Read Part One Here.

In the last article, we looked at how China entered the monarchy and the early Bronze Age. It is believed that Shun, the last emperor of the five emperors, gave the kingdom to Yu. He created the Xia dynasty, now widely regarded by the Chinese as ‘Yu The Great’.

Xia Dynasty (2070-1600 BC)

The mainland of ancient China was often submerged by their floodwaters. Yu is said to have tried for 13 years to build dams and irrigation canals to protect the people from flooding, thus inspiring Emperor Shun to give the kingdom to Yu. Yu is also known as ‘Yu the Great Who Controls the Waters’.

Depiction of ‘Yu The Great’

It is believed that 17 kings ruled the Xia dynasty for 450 years. Historians believe that there is no historical evidence that such a dynasty existed. Some objects and mansions excavated in the 1950s are said to date to the Xia period. The Chinese people are proud of these kings and consider them to be the ‘Founding Fathers of China’.

Location of Xia Dynasty/Courtesy: WikiMedia

The last king of the Xia dynasty, Jie, was so tyrannical and incompetent that Tang, a tribal citizen, rebelled and seized the throne. With the Battle of Mingtiao, the Xia Dynasty came to an end and the Shang Dynasty began in the 1600 BC.

Battle of Mingtiao
Illustration courtesy:

From here China enters the Era of ‘Ancient China’ from ‘Prehistoric China’.

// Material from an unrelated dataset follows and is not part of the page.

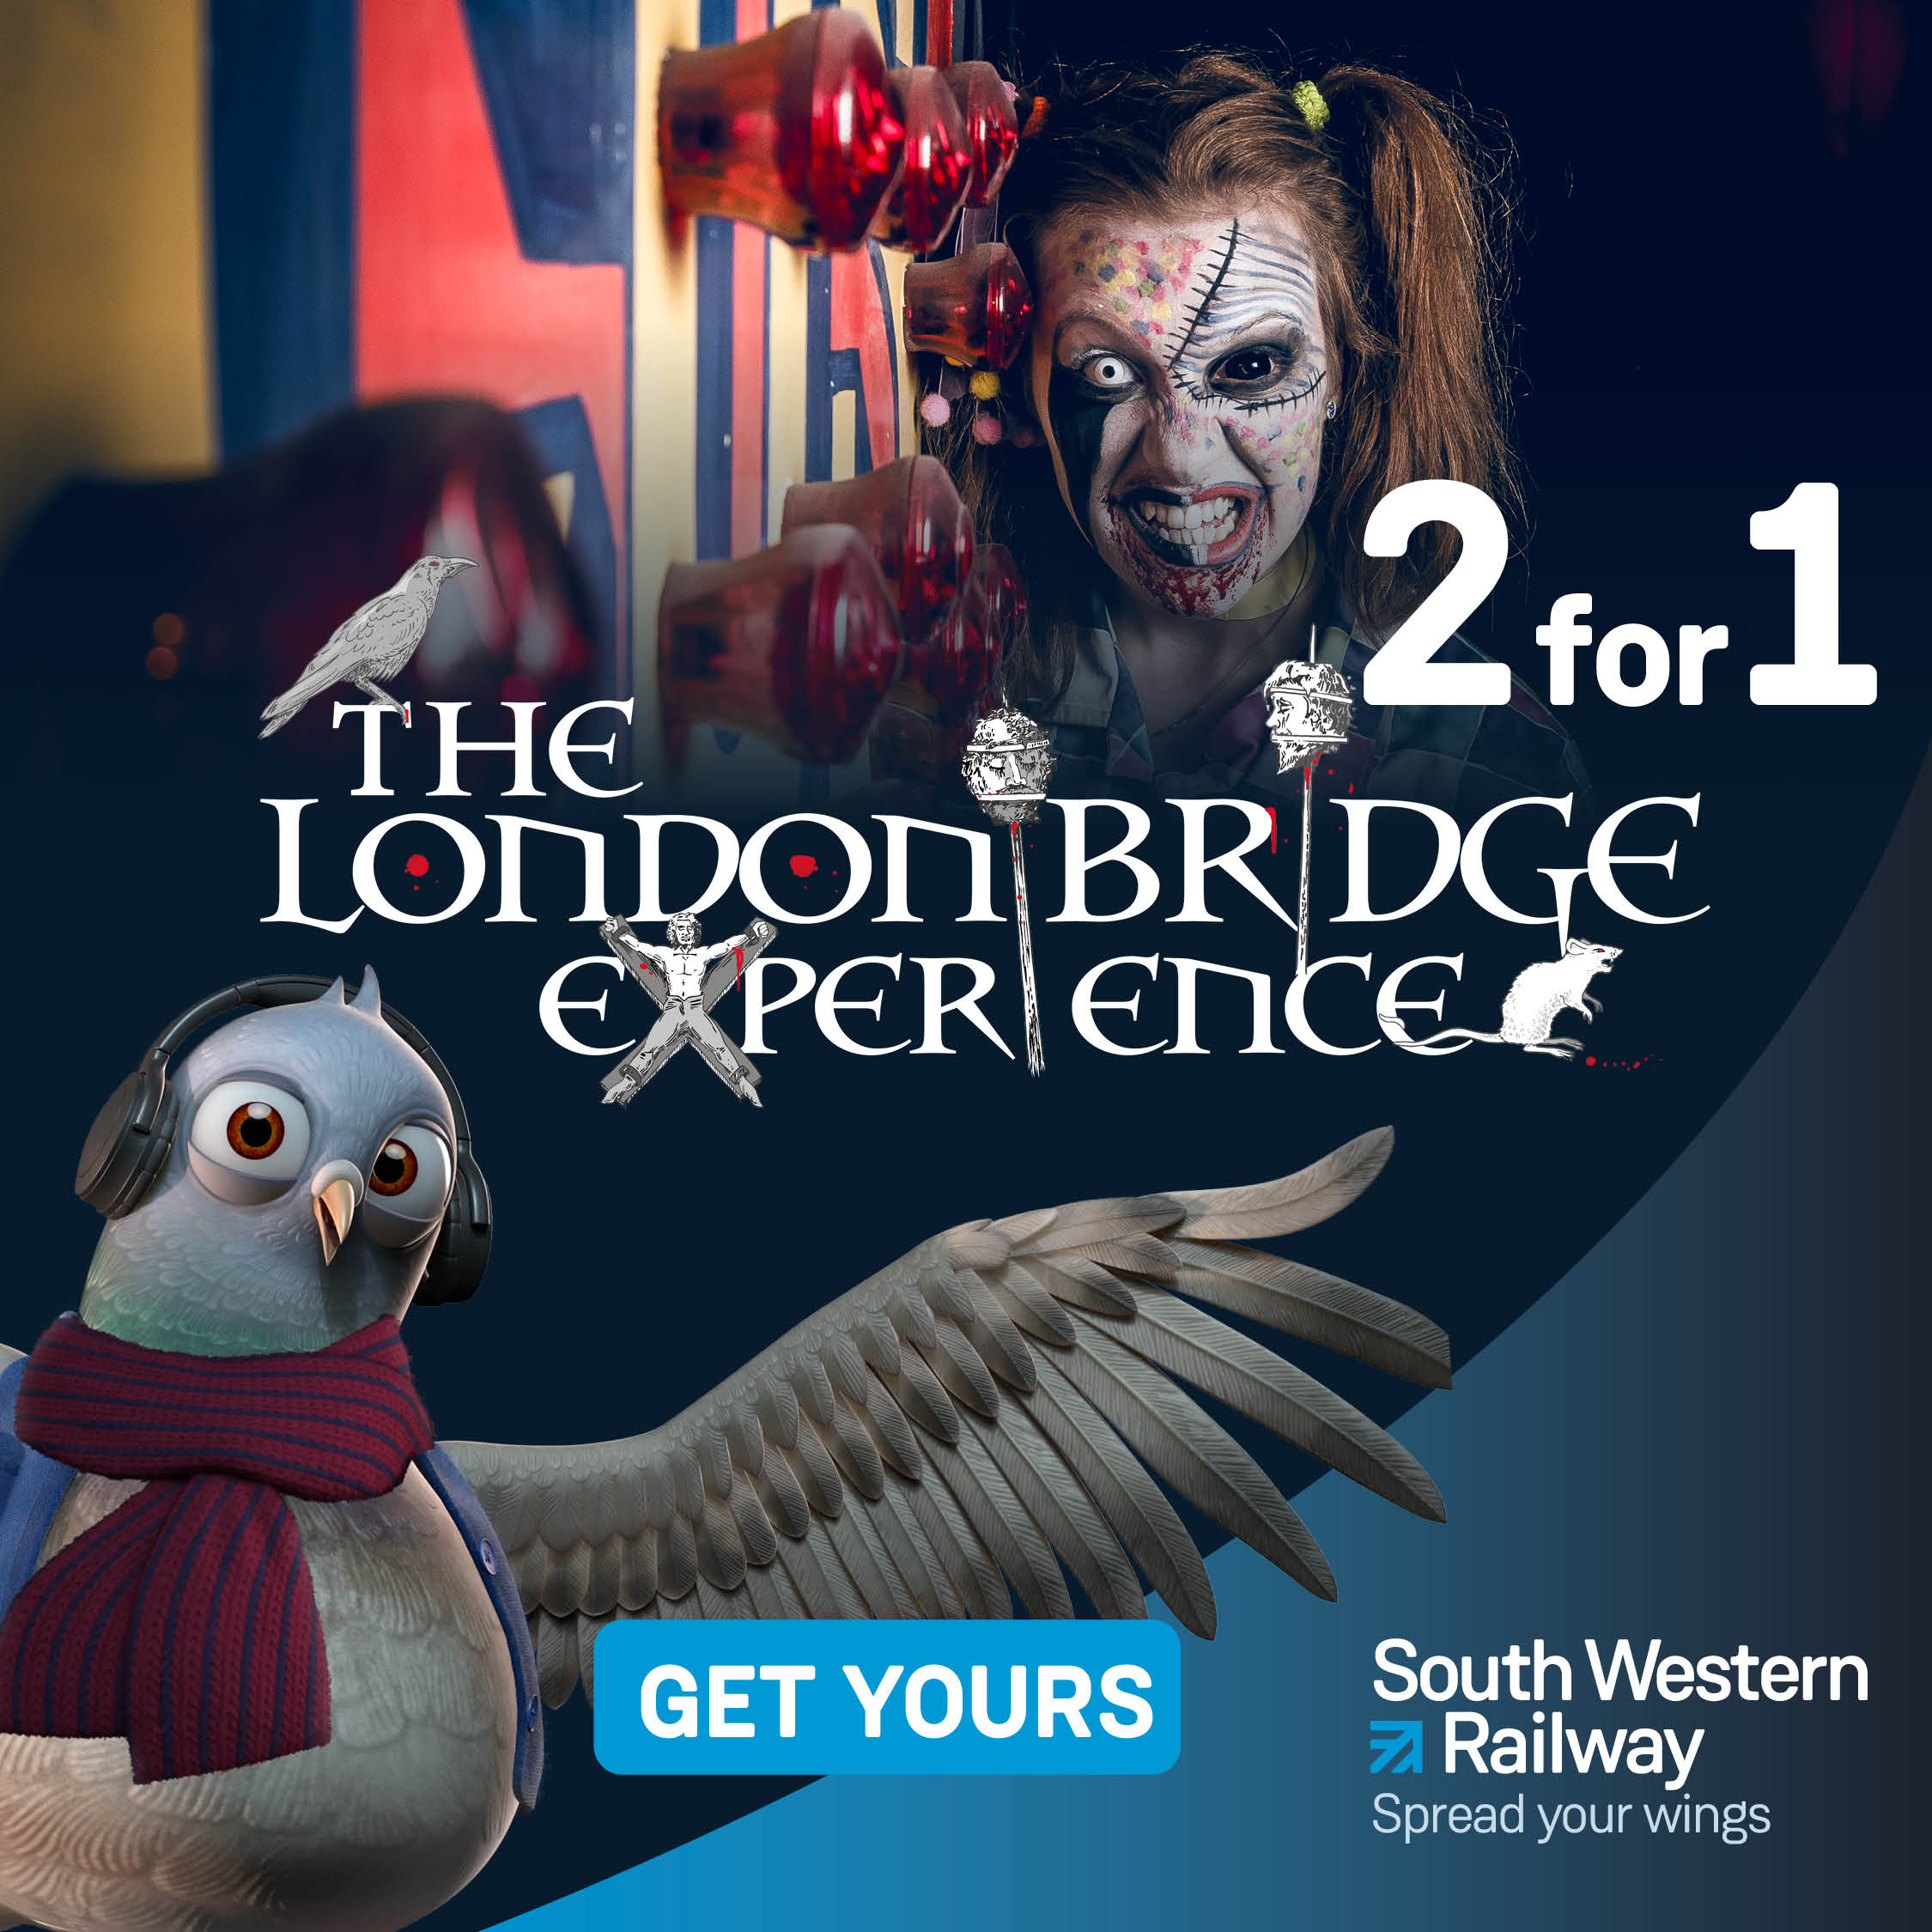 2 for 1 entry to The London Bridge Experience with SWR Rewards from South Western Railway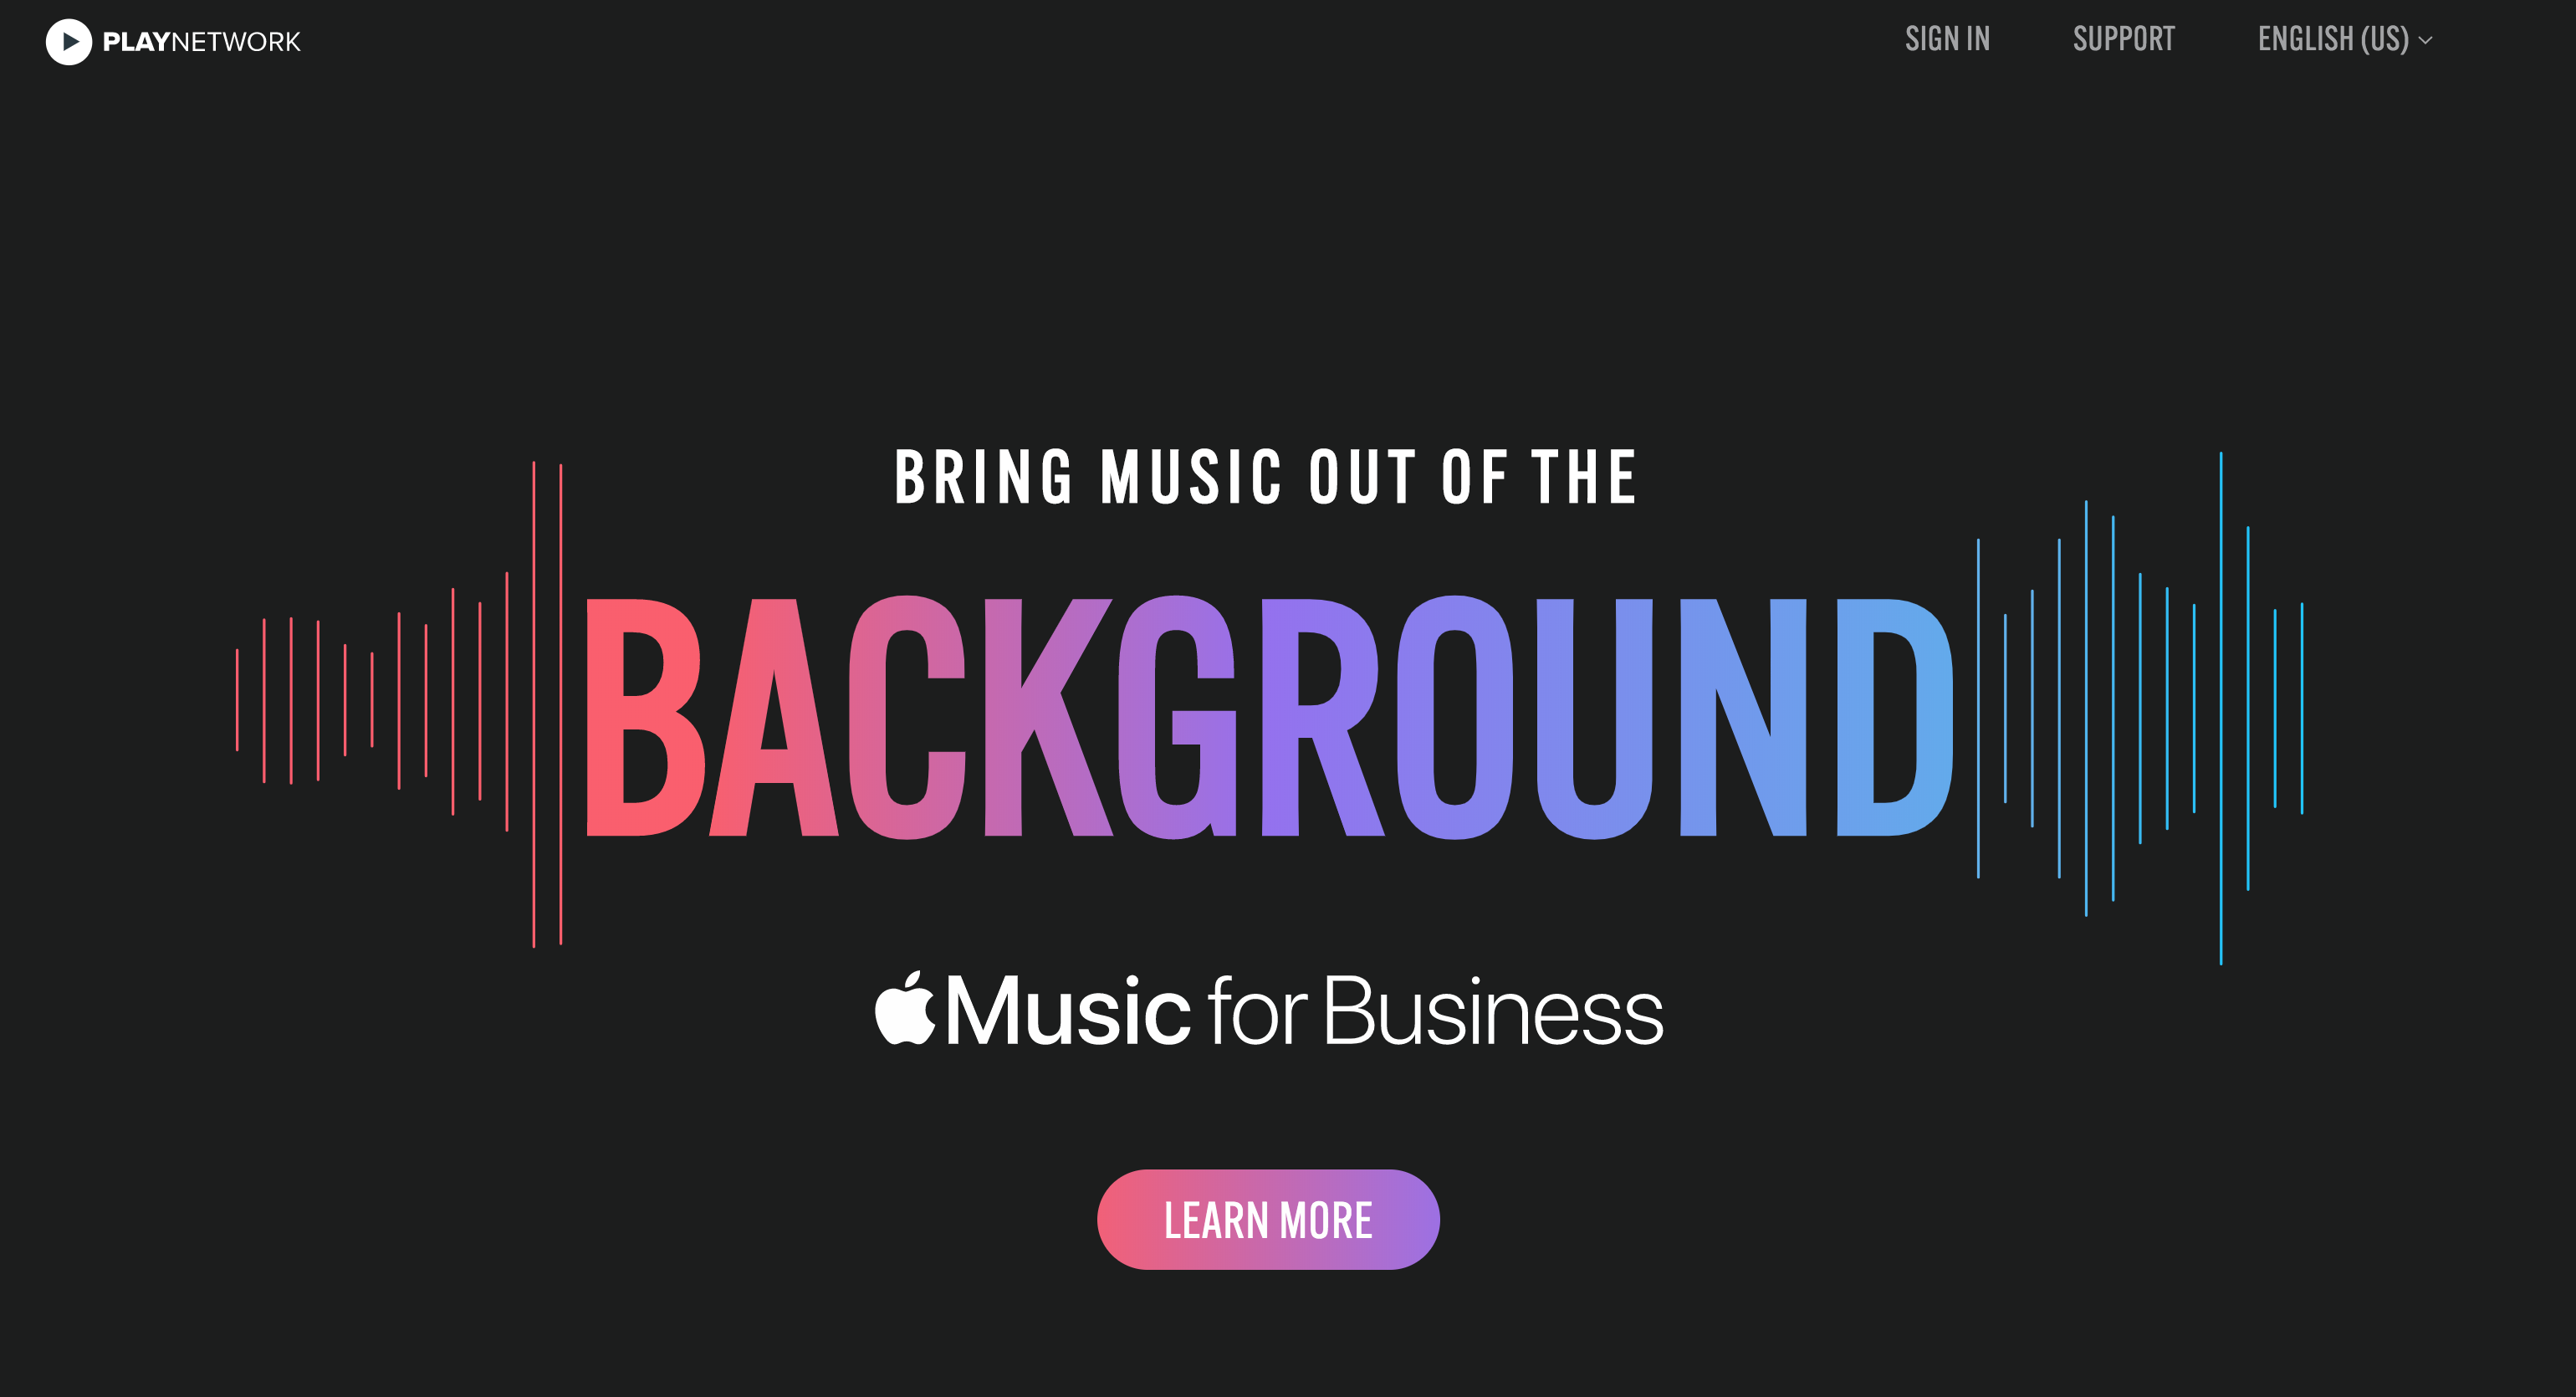 Going into the business market for Apple's music program

Shang Dynasty (1600-1046 BC)

The first Chinese dynasty to be proven with historical evidence was the Shang dynasty. King Tang, who had started and ruled well, expanded the border and ruled the central and lower Yellow River basin. During this time, the Chinese became familiar with the calendar and accounting and produced sophisticated bronze works, pottery, and trinkets.

Image Courtesy: ThingLink

The Shang Dynasty did not have that much stability. They changed capital five times over the next 250 years. By 1350 BC the situation had stabilized and the regime came to be headquartered in what is now known as Anyang. From here the ‘Shang’s Golden Age’ began.

The most successful of these is the Wu Ting, who ruled for 58 years from 1250 to 1192 BC. A variety of highly sophisticated objects dating back to the Shang period were excavated by archaeologists, made of bronze, ivory and many other precious metals. No Chinese regime has produced as much bronze as the Shang Dynasty. Tons of bronze objects were excavated in the tombs. Agriculture also prospered.

Bronze Relics of Shang Dynasty
Image Courtesy: Flickr

Horses and chariots were introduced and were widely used by the end of the Shang Dynasty. Writing systems were also improved.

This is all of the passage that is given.